Start of Task material
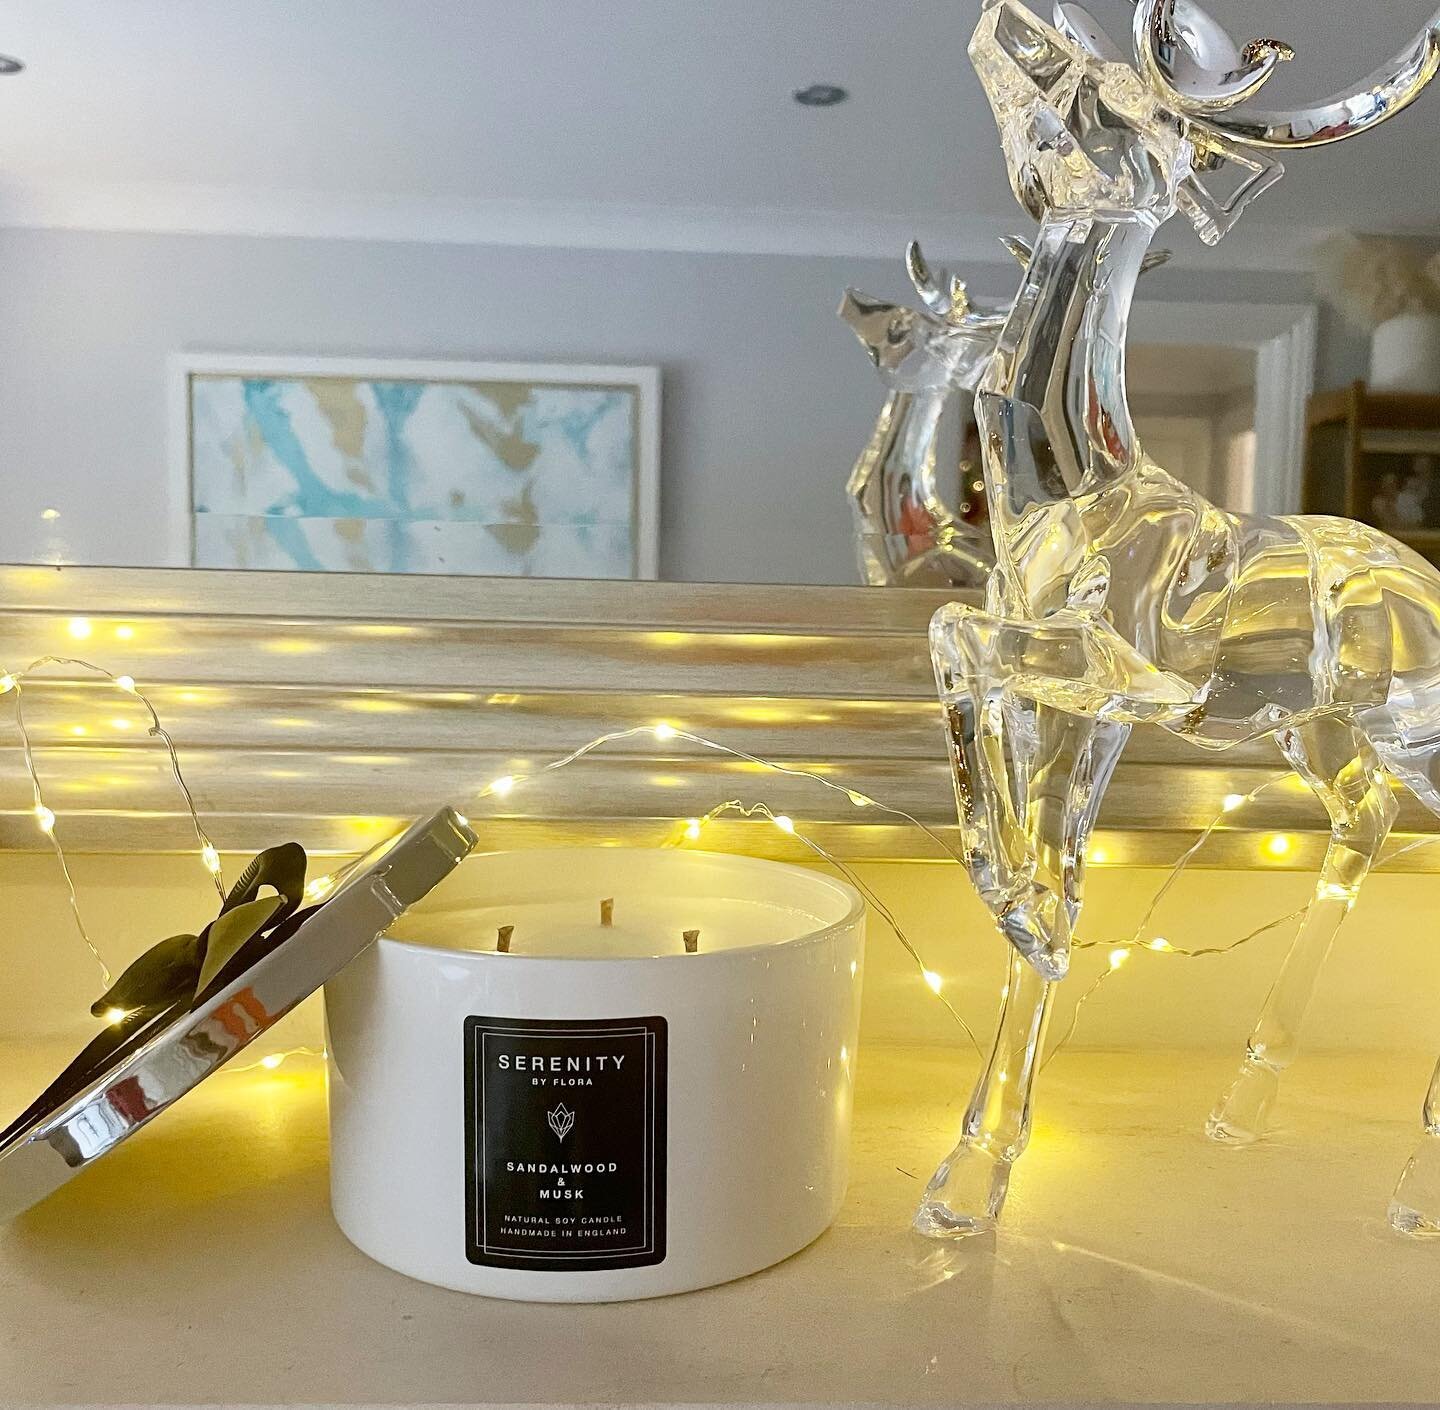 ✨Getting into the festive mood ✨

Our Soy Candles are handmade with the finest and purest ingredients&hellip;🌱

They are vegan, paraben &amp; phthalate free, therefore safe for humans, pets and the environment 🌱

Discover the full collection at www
End of Task material
Start of Task material
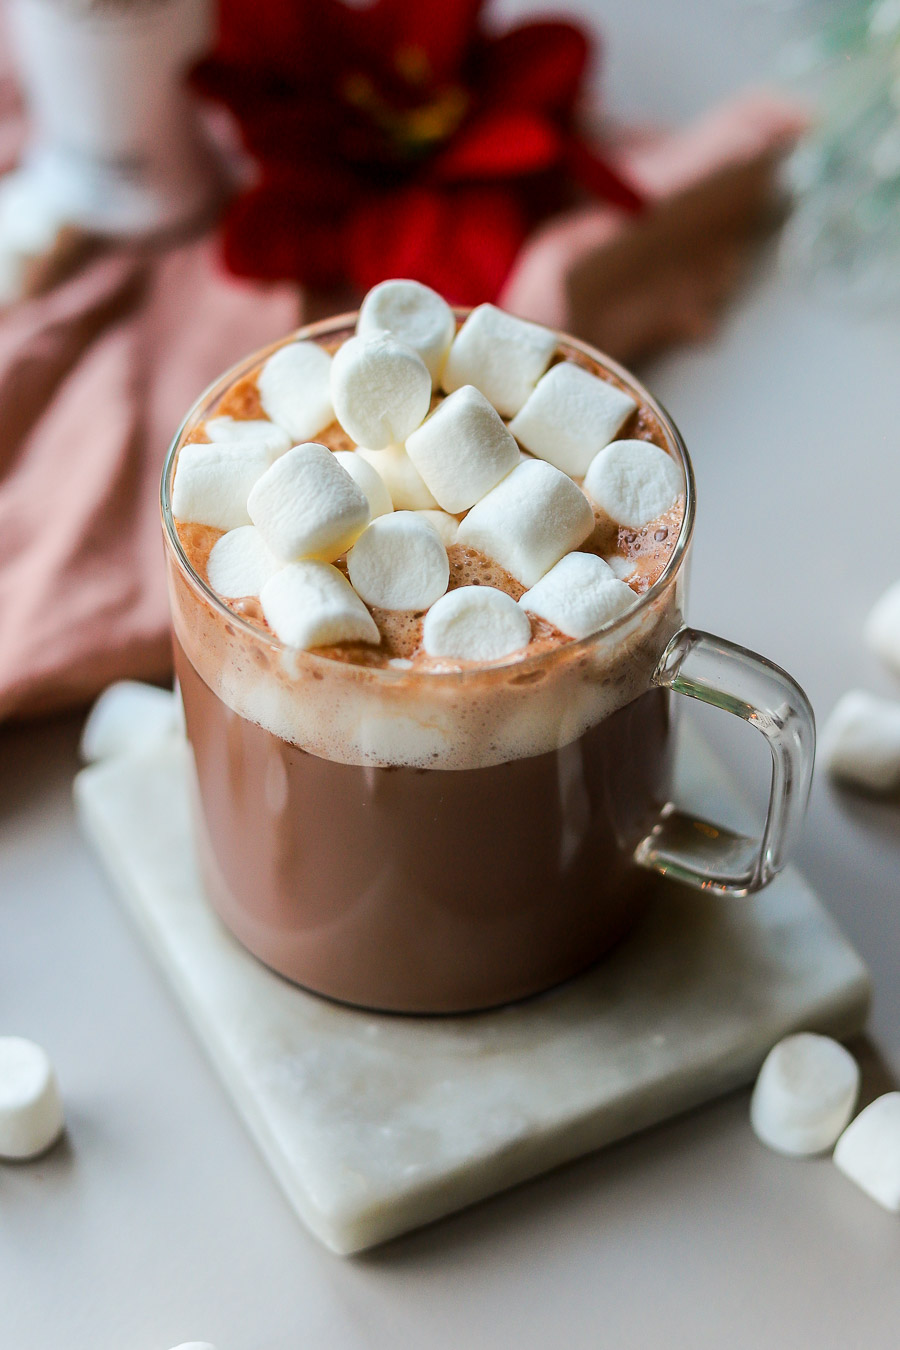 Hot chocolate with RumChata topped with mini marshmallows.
End of Task material
• [What you will do]
Output only the stretch above from the line with "festive mood ✨" through the line with "Discover the full collection at www", reproduced exactly. Exclude pictures.

• [Task response]
 ✨Getting into the festive mood ✨

Our Soy Candles are handmade with the finest and purest ingredients&hellip;🌱

They are vegan, paraben &amp; phthalate free, therefore safe for humans, pets and the environment 🌱

Discover the full collection at www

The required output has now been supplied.